McAwesome isn't a last name, it's an unconventional conventional way of living. The McAwesome's break down how you can can incorporate the fundamentals of McAwesome into your own life.
UPDATE: IF THIS GETS REPOSTED ENOUGH, WE WILL RELEASE OUR EXCLUSIVE ROBOT FOOTAGE TONIGHT.
While still in the throes of PoHoMoHO, I woke up to find a link on my Facebook wall that says, "Someone stole your idea..."
This is very serious as I have awesome ideas. Like Mornin' Booze - a place that is both cheap, classy and convenient to drink booze in the morning.

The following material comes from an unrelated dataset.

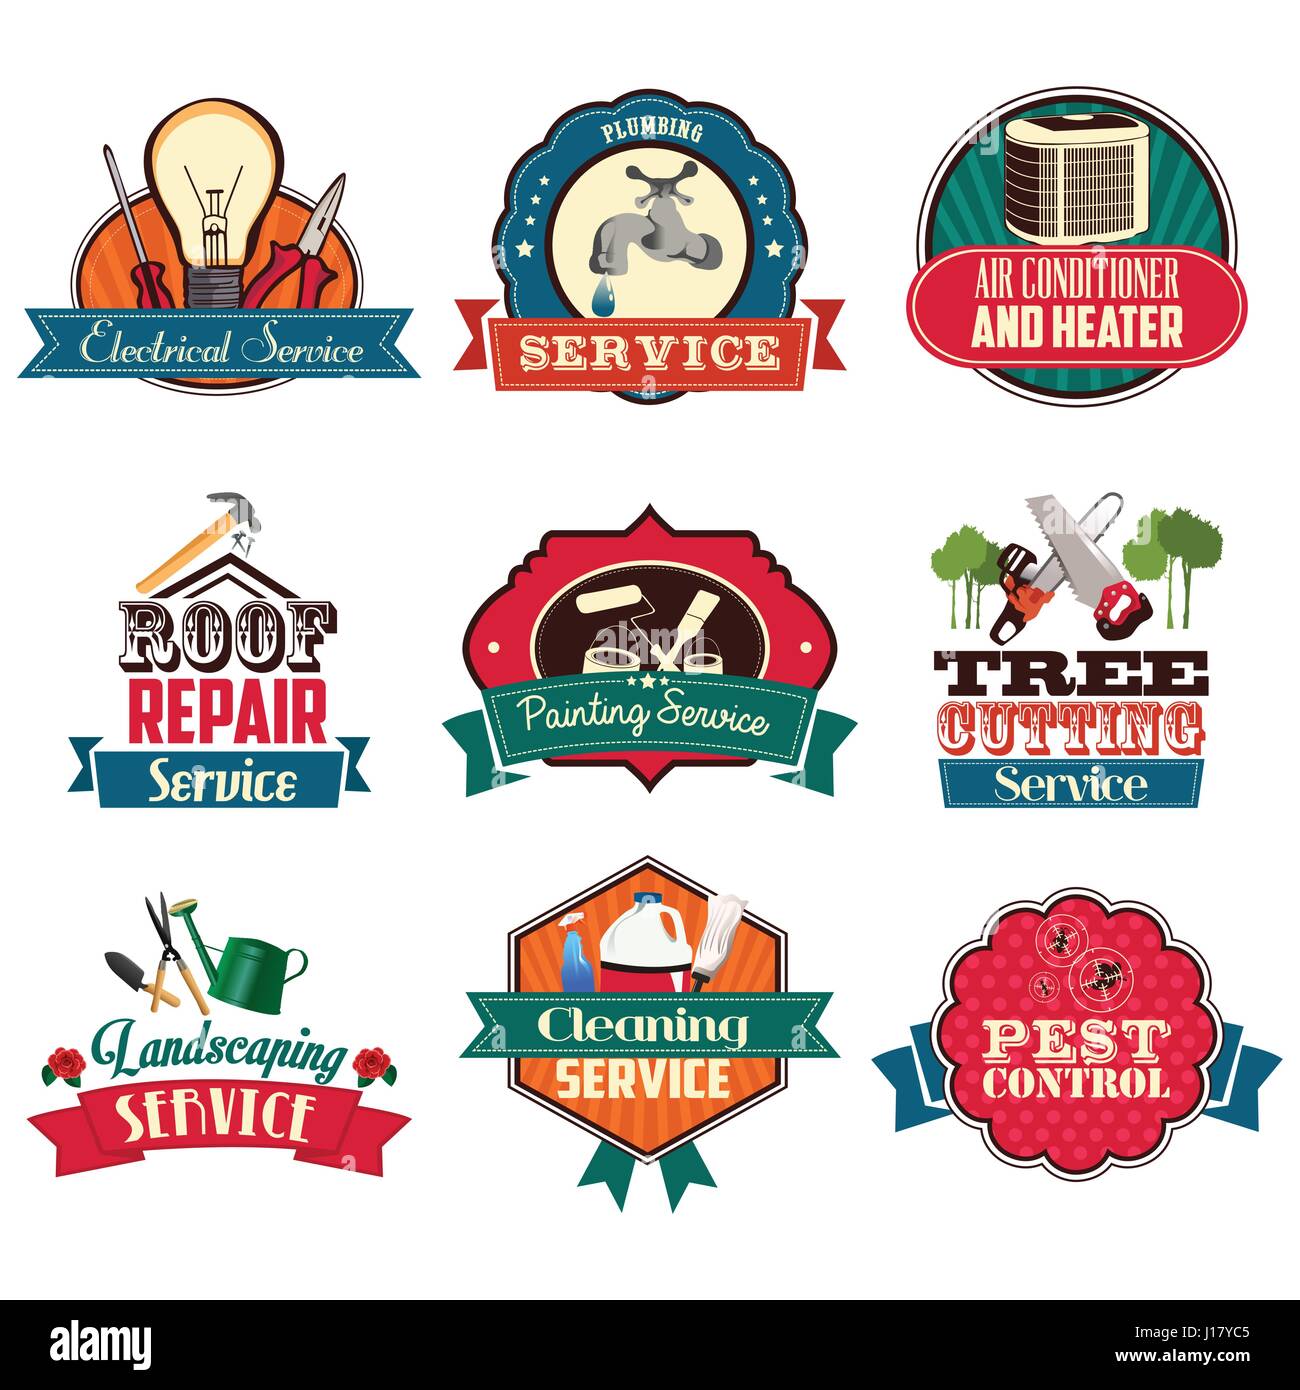 A vector illustration of home repair service icon sets Stock Vector

DO NOT STEAL MY MORNIN' BOOZE!
The idea in question was that of getting married by a robot. See, when the McAwesome's married, we got married by a robot. Mr. McAwesome spent three months scripting and designing a robot that I found at a thrift shop.
Before
AFTER
Our robot spoke, moved, interacted and - AND - played The Final Countdown. We recorded the voice ourselves and tweaked it. There were Easter eggs of Luke Skywalker and R2D2. In short...
So when I got the, "Somebody stole your idea", my first thought was, "Yes, they did it in Japan a year ago. It was kick ass. We were the first in America."
Then I saw the link...
That? THAT is not married by a robot. THAT is married by a screen. With a MAC voice.
We here at Team McAwesome (as soon as Mr. McAwesome wakes up) are LIVID. LIVID!
Please spread the word that this is unacceptable. When you get married by a robot, you best be SURE that you are married by a ROBOT.
That's the Married by a Robot guarantee - you will be married by a ROBOT.
McAwesome - A name you can trust to be married by a robot!